A case which, it seems to us, corresponds almost exactly with the one under discussion is State ex rel. Bohannon v. County Court of Howard County, 39 Mo. 375. Under the statute, counties were authorized to pay bounties to volunteers enlisting in the military service, and'it was held that where, in pursuance of the act, a county offered bounties to parties volunteering to fill the quota, a contract existed between the county and such volunteers, which could be enforced by action; and that the courts will not undertake by writ of mandamus to enforce simple common-law rights between individuals. In that case the petitioner enlisted as a volunteer in pursuance of an order of the county court of said county appropriating money for the purpose of paying bounties to volunteers. The county court refused to pay a portion of the money due the petitioner, whereupon he prayed for a writ of mandamus to compel the court to proceed in the business of selling bonds which had been provided for the purpose of paying these bounties, and to pay him the remainder of his bounty. After holding, upon the merits of the case, that the petitioner was entitled to his pay, the *469court, of its own motion, raised the question under discussion here, and said:

“But there is another question which we cannot pass over, and that is, whether a mandamus is the proper remedy. According to the views above stated, there was a binding contract between the county and the petitioner. The courts will not undertake to enforce by mandamus simple common law rights between individuals, as to compel the payment.of money, nor where there is another specific legal remedy.”

And the writ was refused.

In Parrott v. Bridgeport, 44 Conn. 180 (26 Am. Rep. 439), which involved a contractual relation between the petitioner and the city of Bridgeport, it was held that the case involved the enforcement of contract rights of a private nature, and the writ could not lie. See, also, Florida, C. & P. R. R. Co. v. State, 34 Am. St. Rep. 30 (13 South. 103, 20 L. R. A. 419); Merrill, Mandamus, § 16, and authorities cited and instances mentioned.

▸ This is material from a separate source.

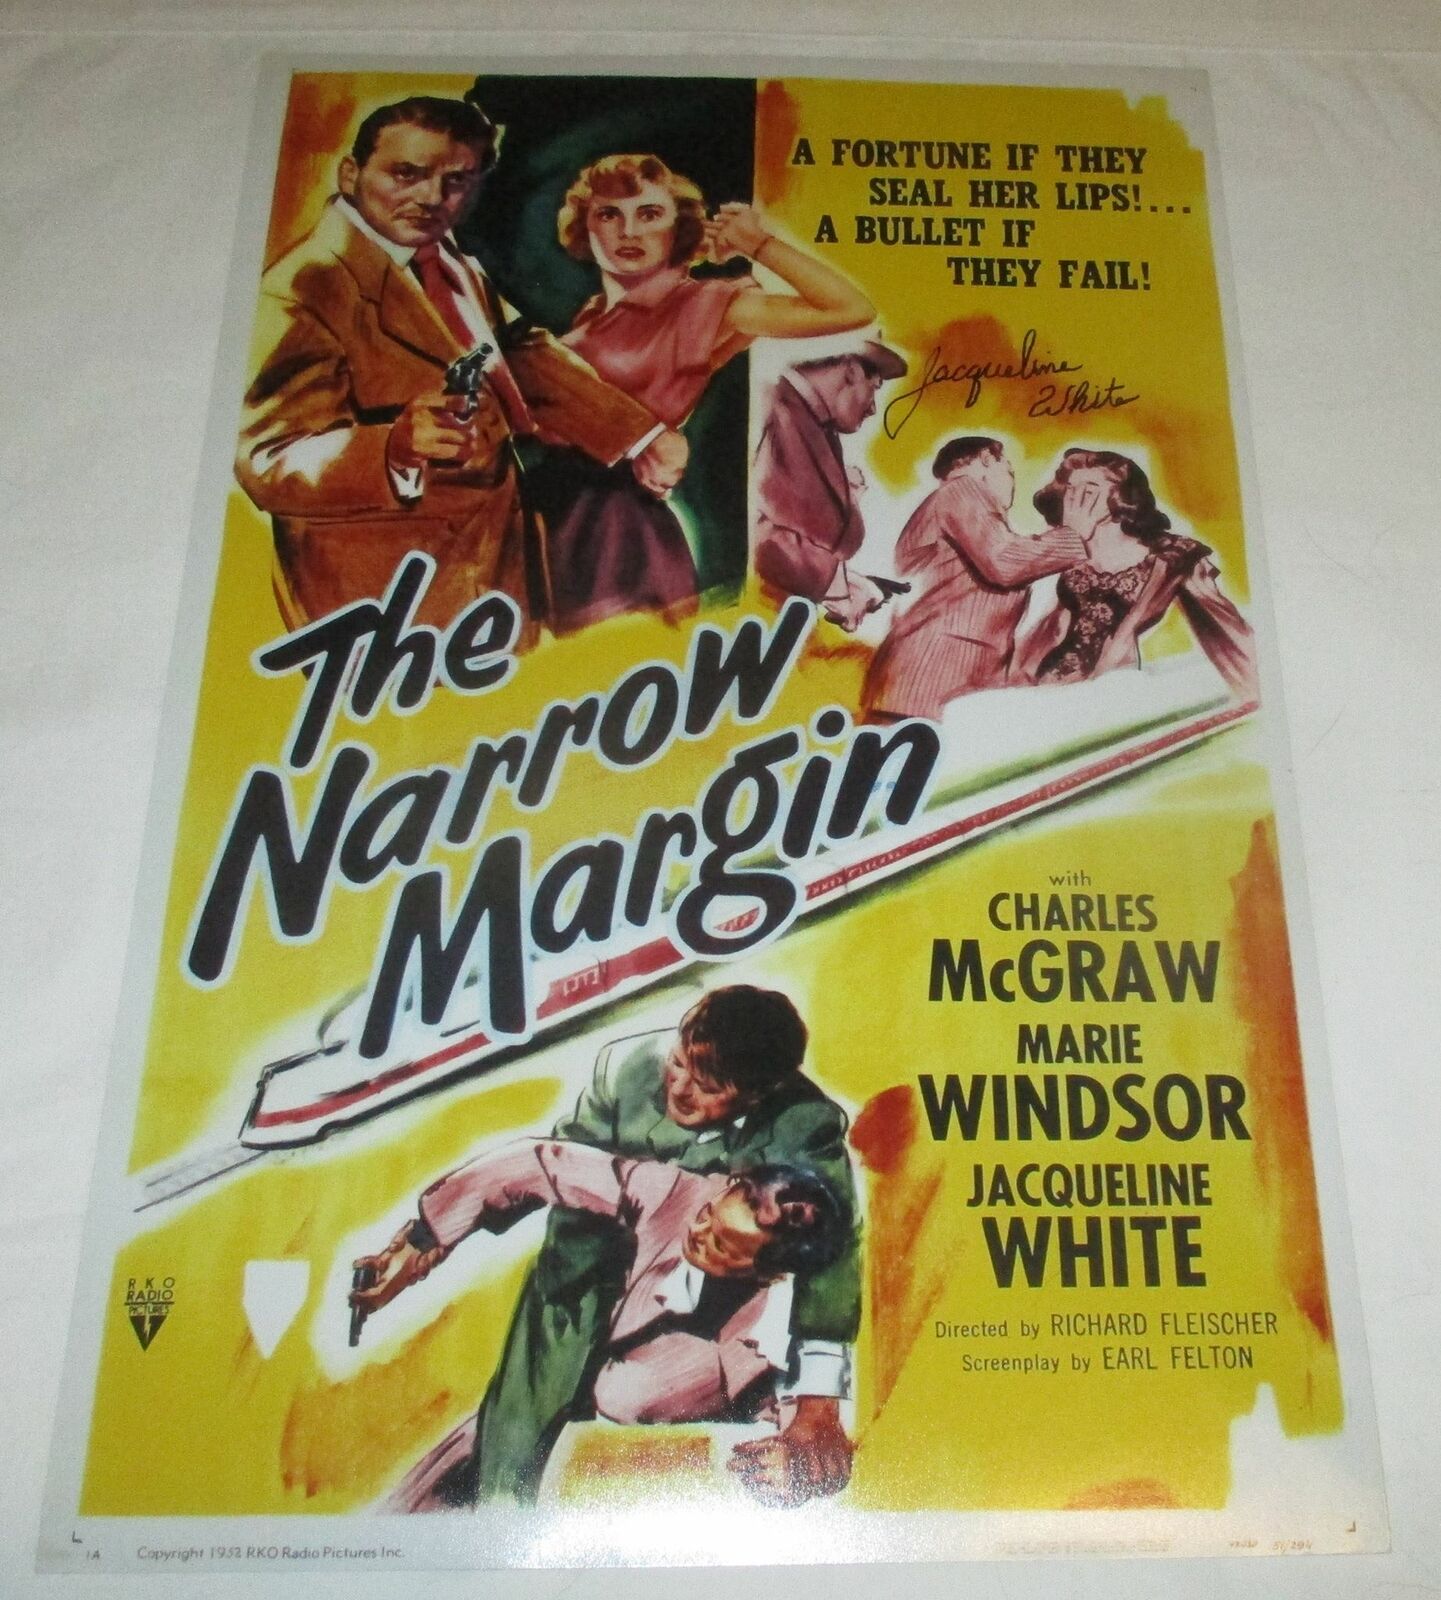 JACQUELINE WHITE SIGNED THE NARROW MARGIN 12X18 MOVIE POSTER

It is insisted by the appellant that the writ ought to issue in this case because it would be difficult to determine the damages which the appellant would be entitled to by reason of the breach of contract. The proof of damages is always attended with more or less difficulty, but that furnishes no reason for reversing the well-established rule that the writ will not lie for the enforcement of a contract right.

The conclusion that we have reached on this proposition renders unnecessary an investigation of the other defenses interposed to the action.

The judgment is affirmed.

Reavis, Fullerton and Anders, JJ., concur.